Cold-start behaviour¶

Before any captures: the sidecar's correction is identically zero. SidecarPredictor.predict_vmaf delegates to the shipped Predictor and adds 0.0. This means a fresh install behaves bit-identically to the bare shipped predictor — no surprise quality drop, no "predictor changed after I installed sidecar" effect.

Algorithmically: the ridge weights are initialised to zero and the inverse Gram to (1/lambda_l2) * I. With zero weights, every prediction returns zero correction.

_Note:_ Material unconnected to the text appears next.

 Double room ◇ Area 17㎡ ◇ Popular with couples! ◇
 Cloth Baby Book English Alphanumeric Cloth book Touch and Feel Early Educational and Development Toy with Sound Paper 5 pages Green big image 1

The first capture produces a non-zero update; subsequent captures refine it. Operators who never hit the capture path (e.g. dry-run encodes that don't run libvmaf) never see a non-zero correction either — this is intentional.

Drift detection hook¶

The scaffold tracks the rolling residual norm — the L2 norm of the last 50 residuals (observed_vmaf − (predicted_vmaf + sidecar_correction)). Surfacing this as an operator-visible warning is a follow-up PR; the scaffold exposes it as SidecarModel.recent_residual_rms for the future drift-detection caller.

The signal interpretation:

Norm stays bounded (e.g., RMS ≤ 1.5 VMAF for a 50-capture window): the sidecar is absorbing the structured bias — healthy.
Norm grows despite continued captures: the residual has non-linear structure that the linear sidecar can't fit. Recommend the operator runs the offline retrain (ensemble training kit, ADR-0324) with their own corpus shard, or contributes to the community pool once item 4 lands.
Norm collapses to near-zero: either the operator's content is an exact match for the shipped corpus (unusual but possible), or there is too little capture diversity to reveal residual structure (only one source, one CRF). Not actionable — informational.

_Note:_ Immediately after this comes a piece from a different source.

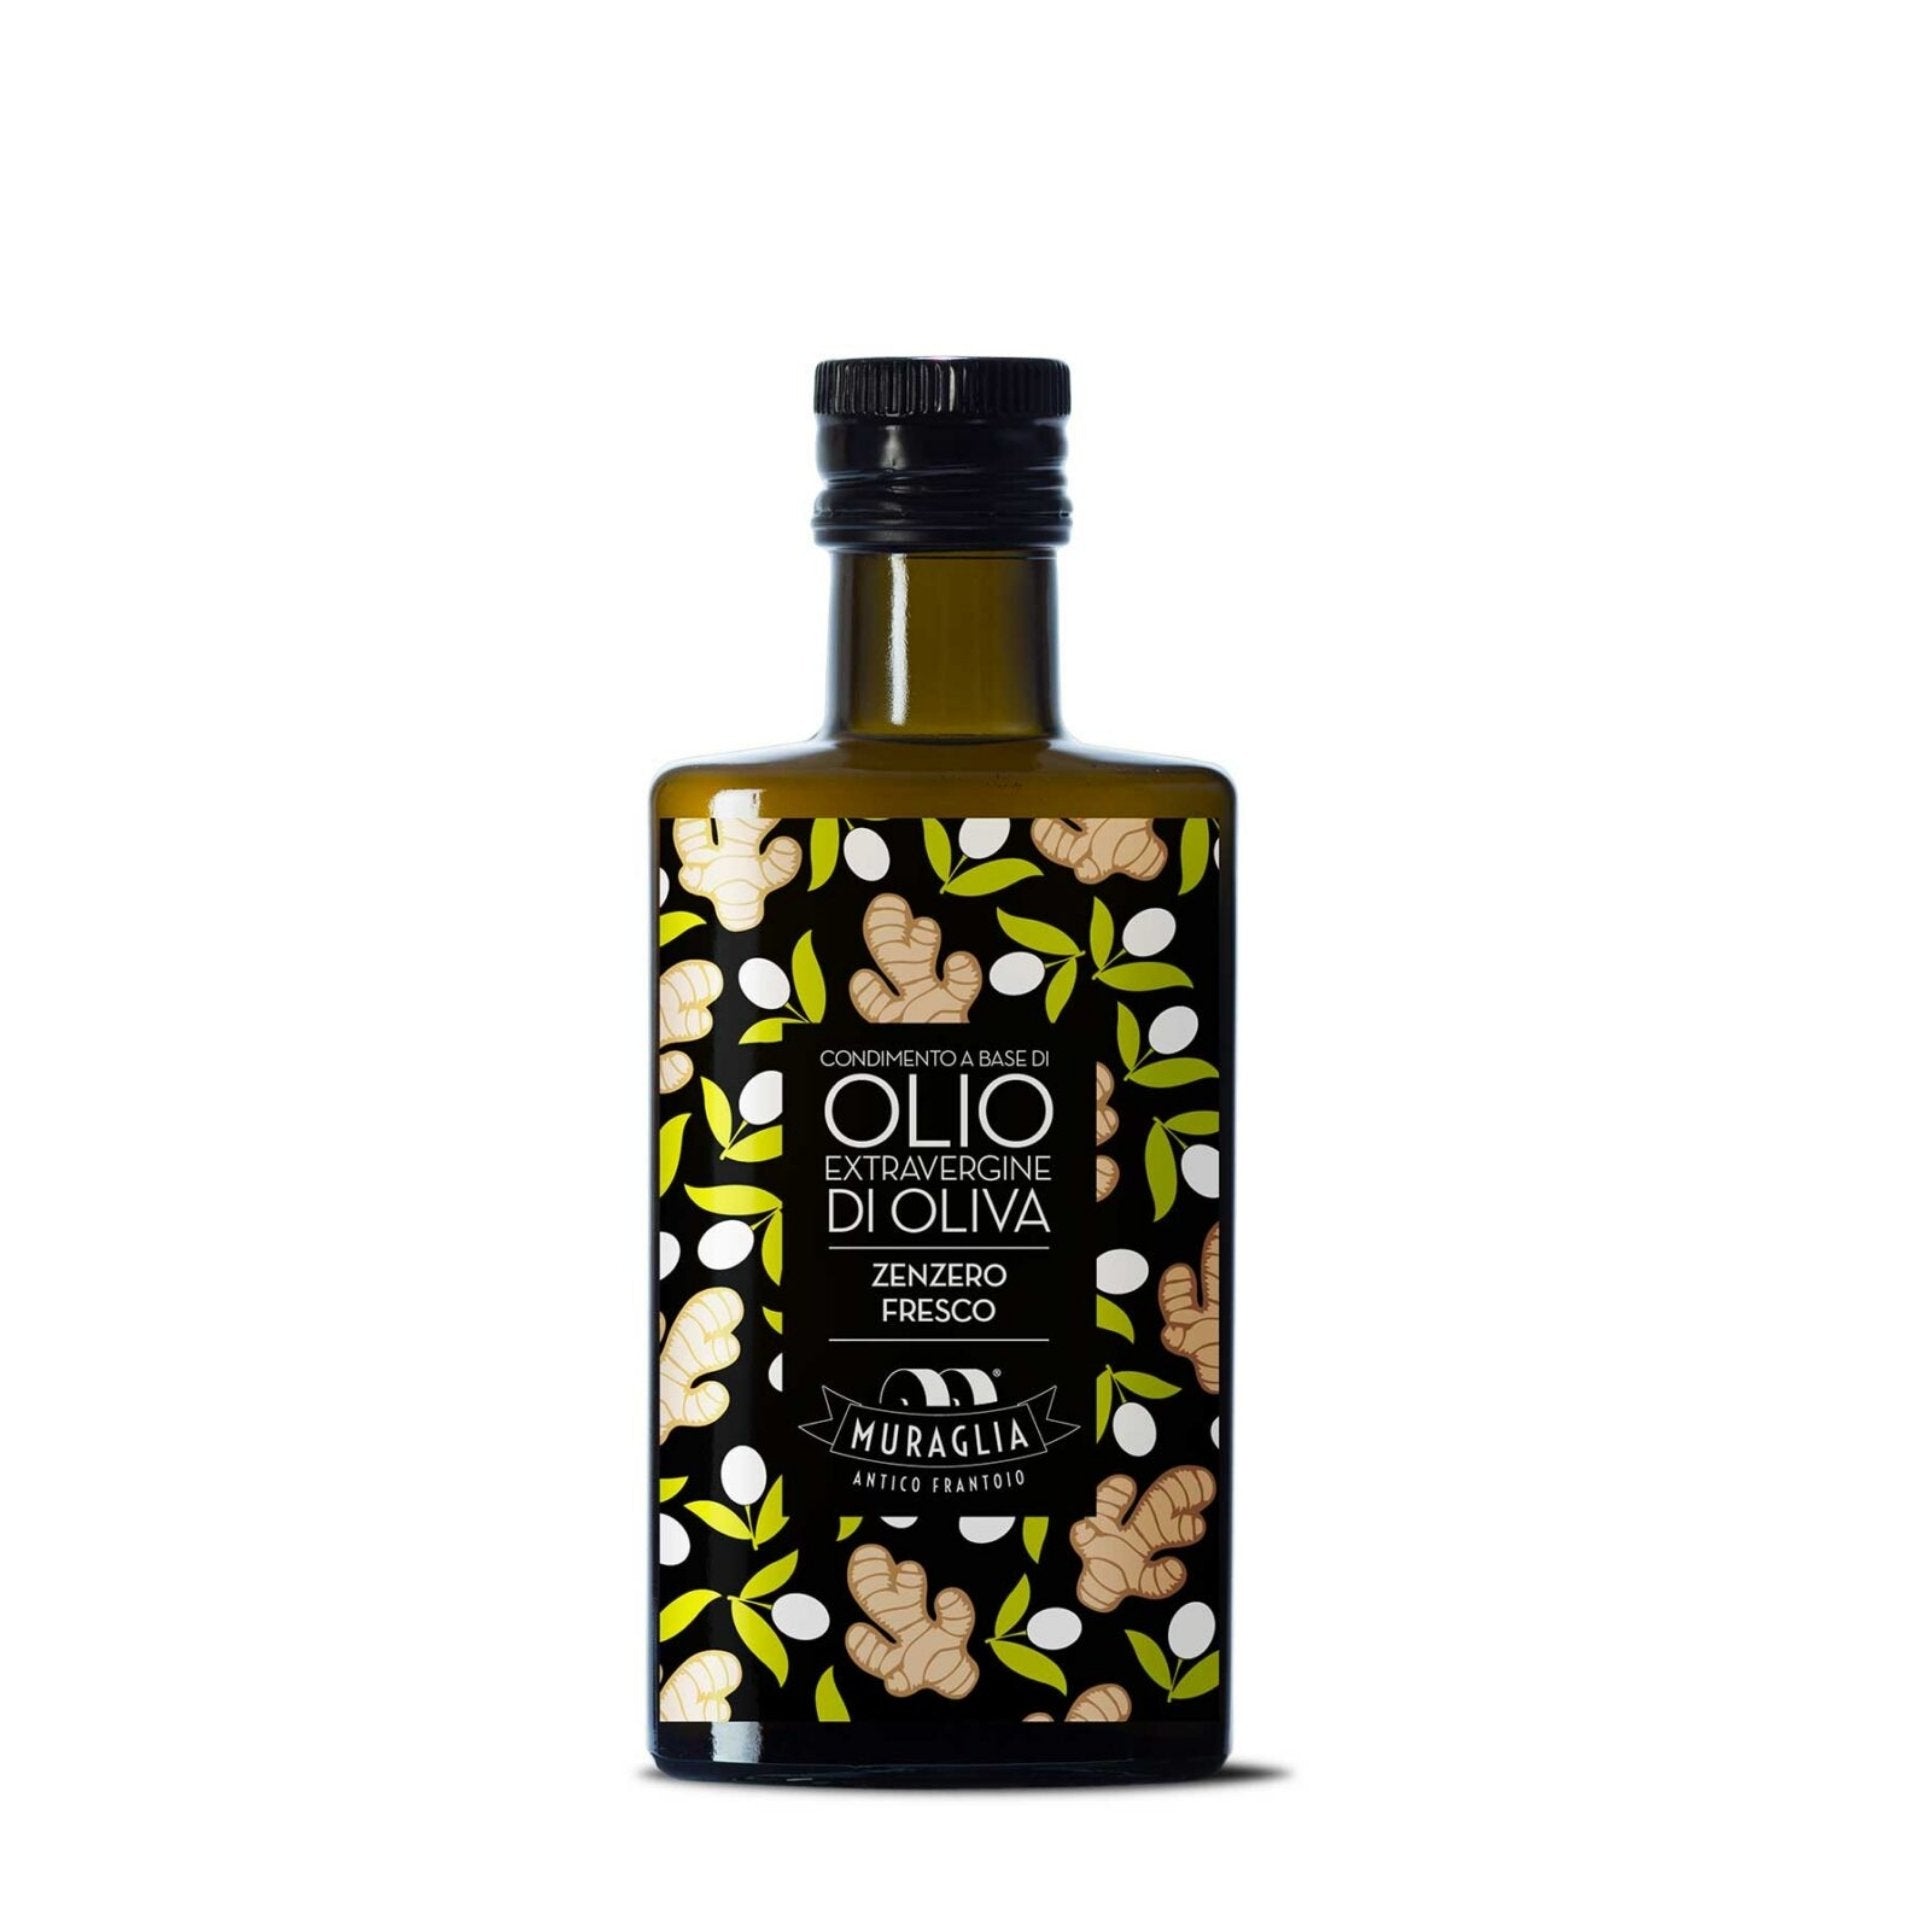 Frantoio Muraglia Ginger Extra Virgin Olive Oil 200ml  | Imported and distributed in the UK by Just Gourmet Foods

The threshold values are deliberately not pinned in this digest; they will be calibrated against real captures from a future operator-data collection PR. The scaffold ships the hook, not the thresholds.

What the scaffold does NOT include¶

Any training data leaves the host (community-pool upload).
Operator-facing CLI flag to enable / disable the sidecar — the initial integration is library-only; CLI wiring lands once we validate the surface against real operator usage.
A drift-warning UX. Hook only; threshold + presentation are a follow-up.
Cross-host sidecar migration. Each install starts fresh.
Replacement of the shipped predictor with an online-trained model (rejected in ADR-0325 §Alternatives).

References¶

ADR-0325 — the decision this digest supports.
Research-0087 — Section 1 item 3 (the gap this scaffold opens).
Sherman, J., Morrison, W. J. (1950). Adjustment of an Inverse Matrix Corresponding to a Change in One Element of a Given Matrix. Annals of Mathematical Statistics 21(1):124–127. — closed-form rank-1 inverse-update used by the online-ridge implementation.